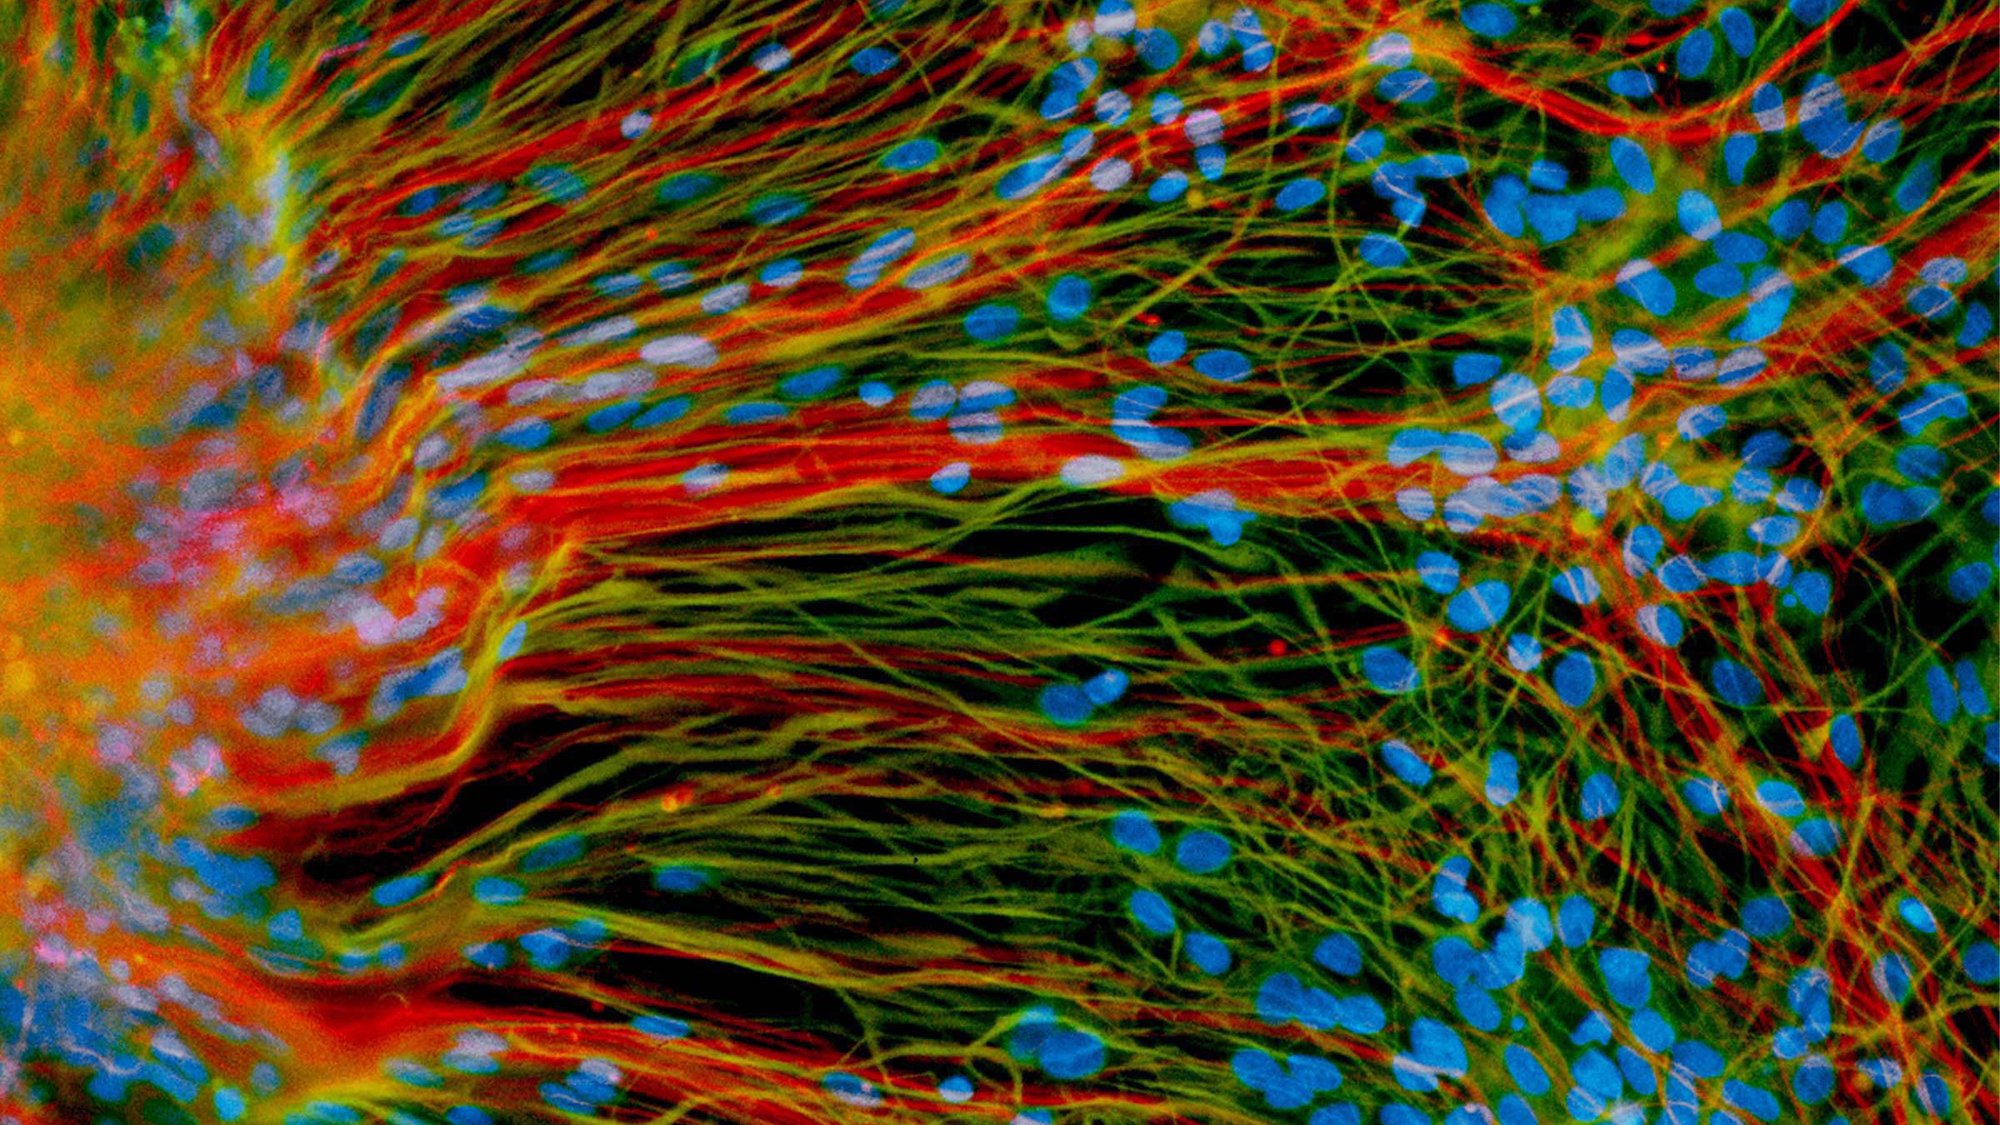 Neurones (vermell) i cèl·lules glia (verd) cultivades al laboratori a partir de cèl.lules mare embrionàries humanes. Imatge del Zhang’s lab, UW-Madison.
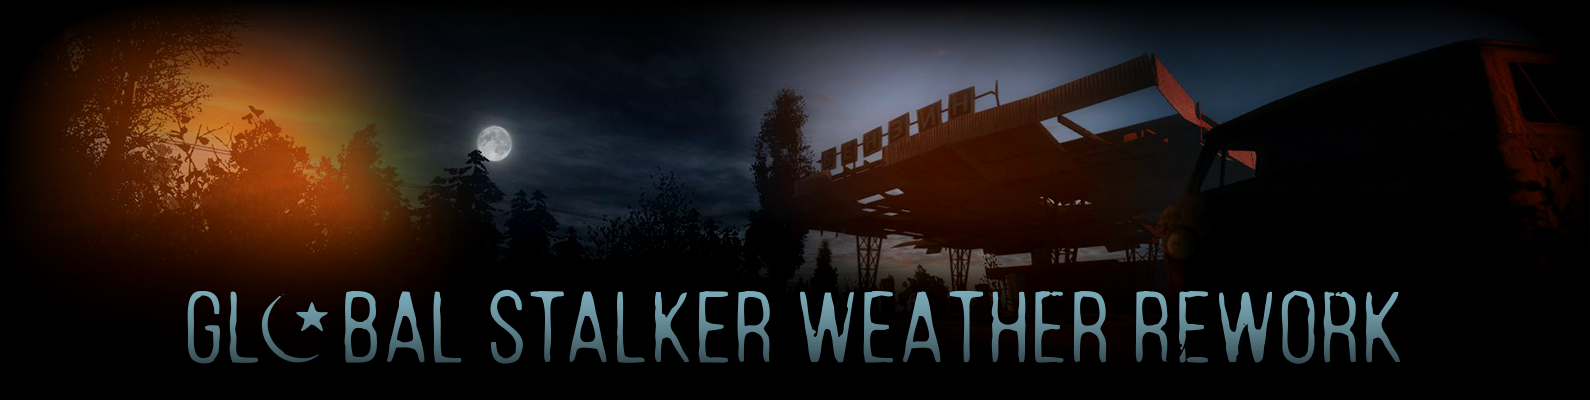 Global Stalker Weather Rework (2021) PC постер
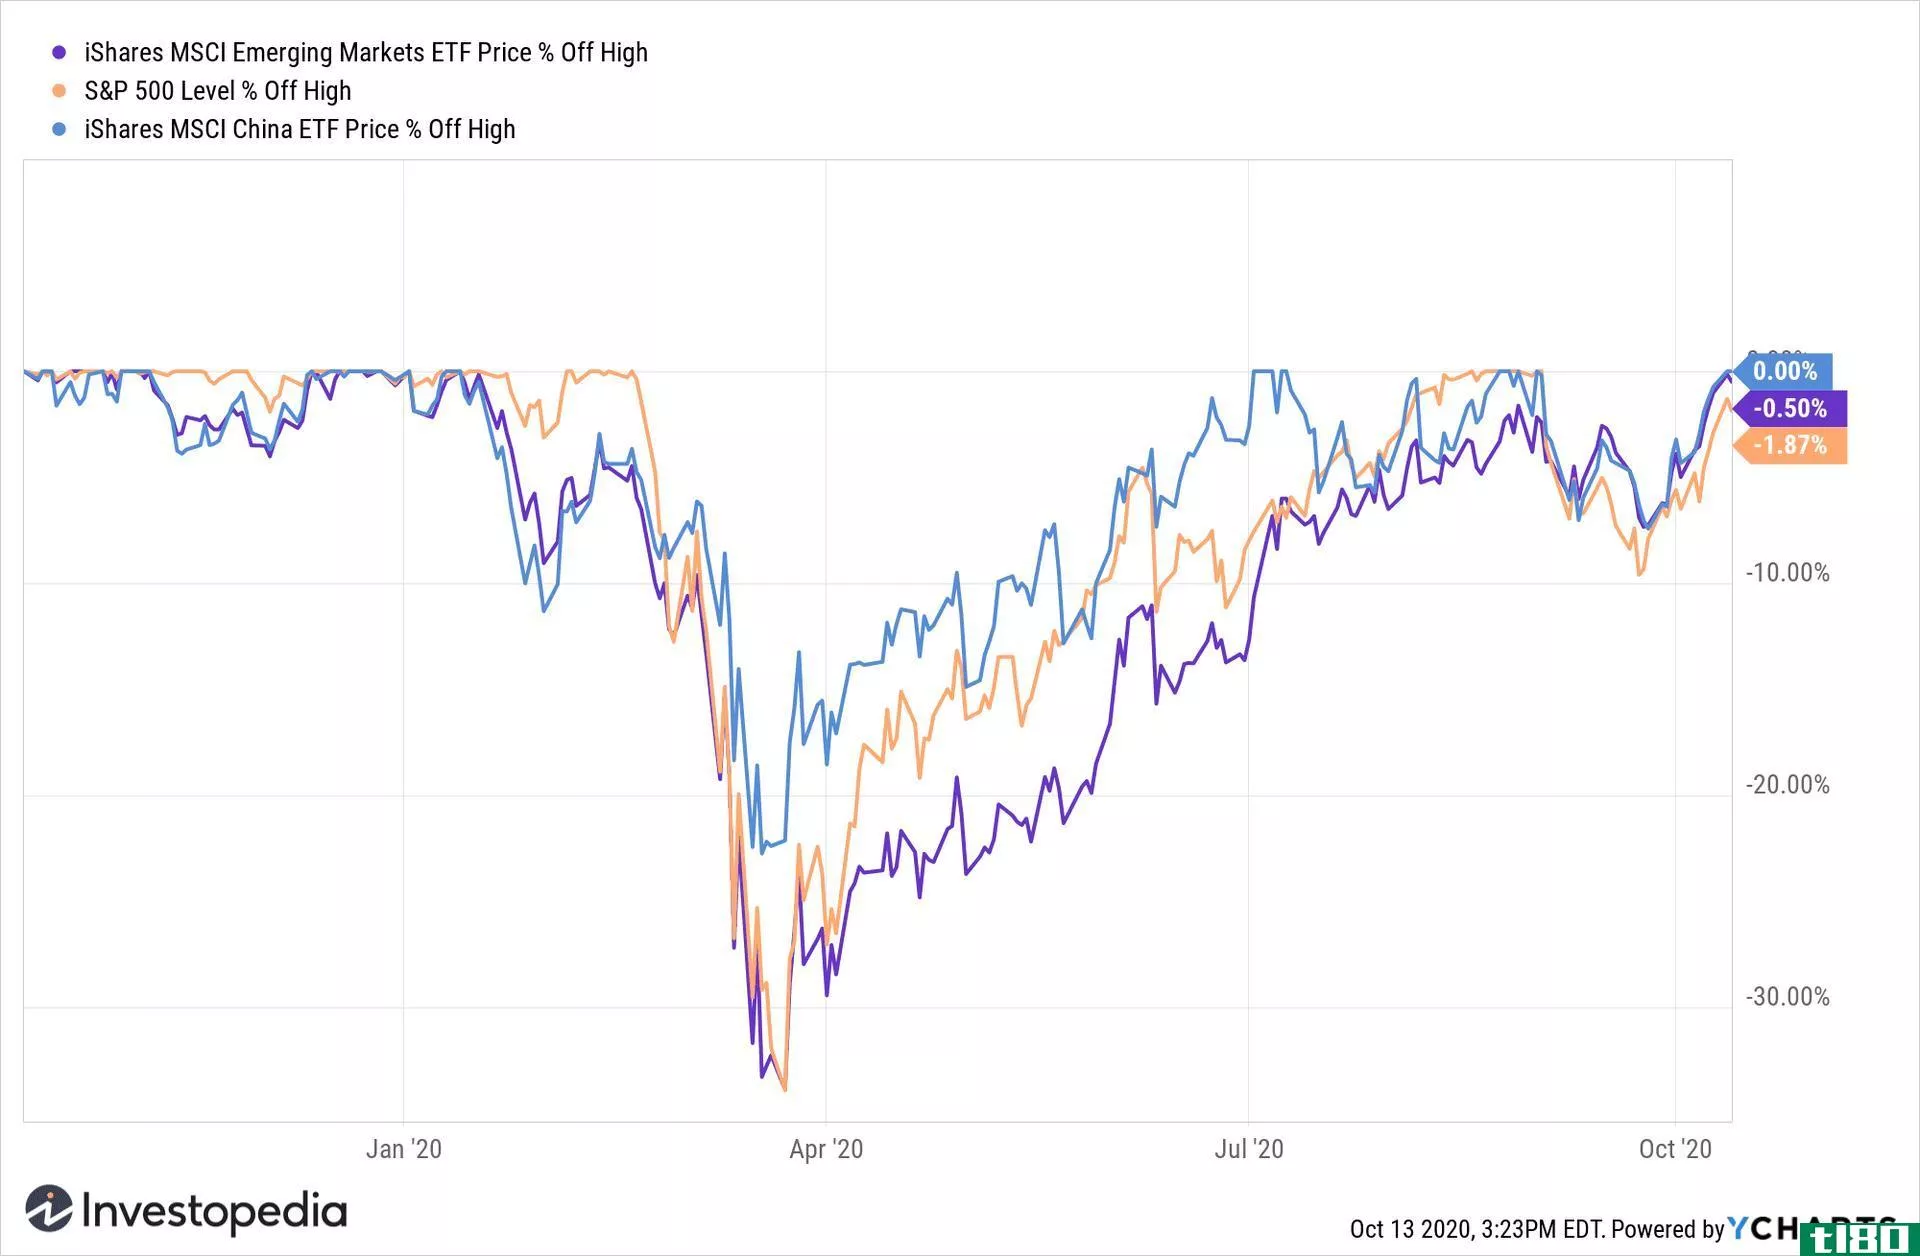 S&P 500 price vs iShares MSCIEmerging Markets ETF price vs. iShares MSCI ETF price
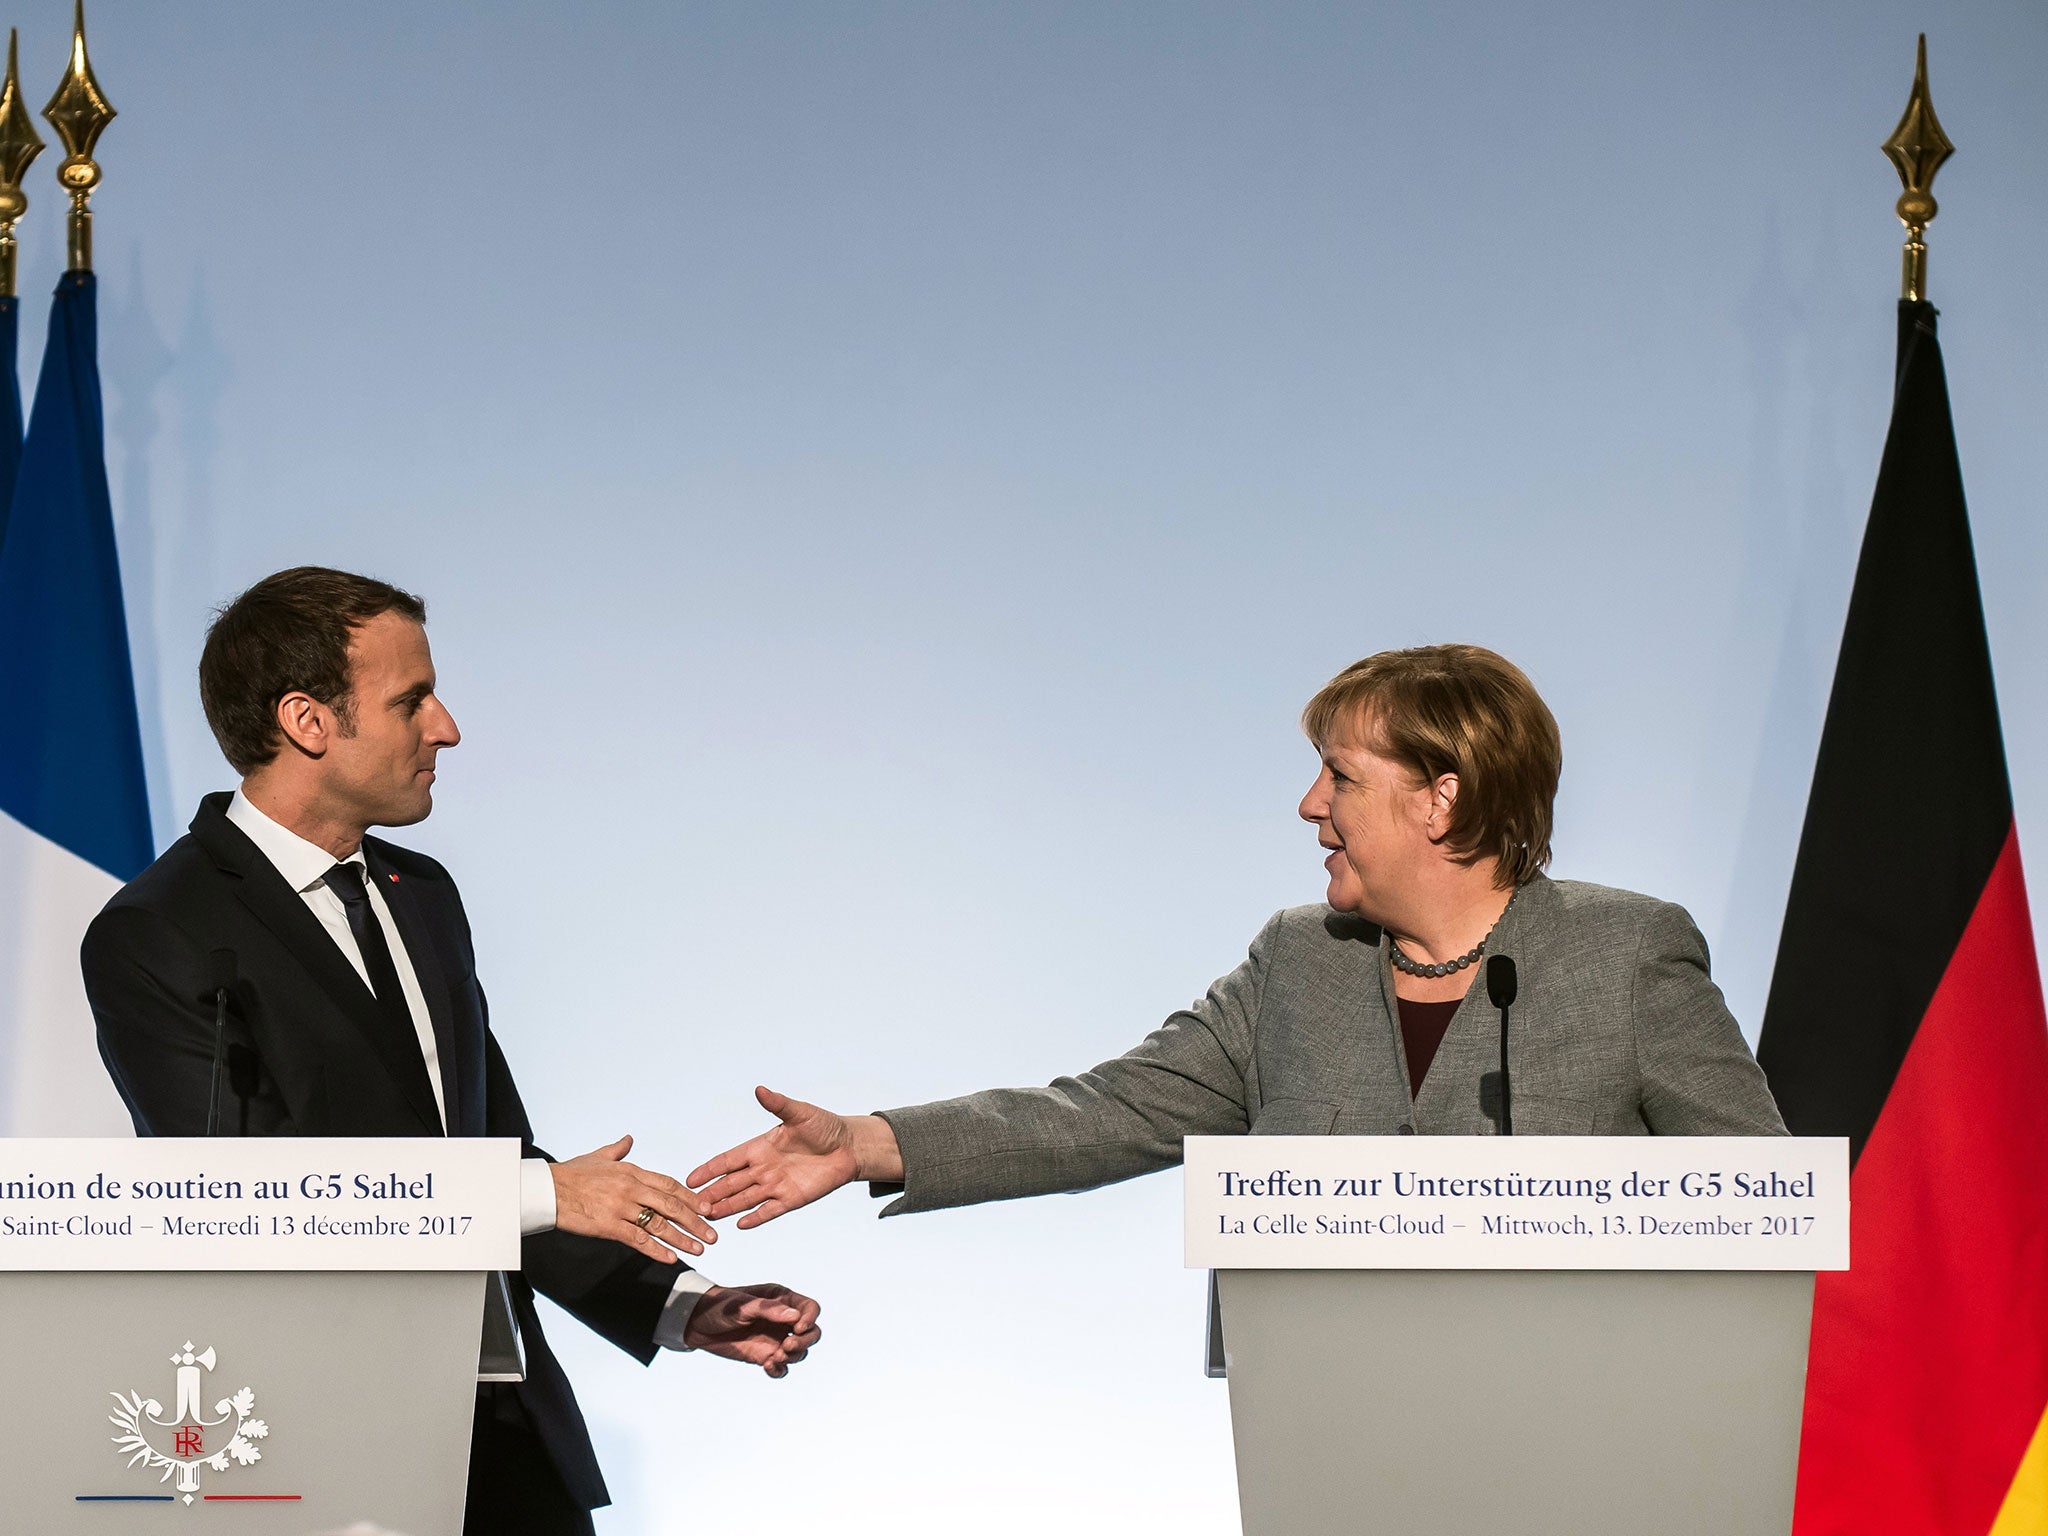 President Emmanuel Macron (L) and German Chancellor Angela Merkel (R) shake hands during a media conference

—————

> _What is expected_
From the first line to the last, transcribe the listing exactly; skip the pictures.

> _Finished task_
 Neurones (vermell) i cèl·lules glia (verd) cultivades al laboratori a partir de cèl.lules mare embrionàries humanes. Imatge del Zhang’s lab, UW-Madison.
 Global Stalker Weather Rework (2021) PC постер
 S&P 500 price vs iShares MSCIEmerging Markets ETF price vs. iShares MSCI ETF price
 President Emmanuel Macron (L) and German Chancellor Angela Merkel (R) shake hands during a media conference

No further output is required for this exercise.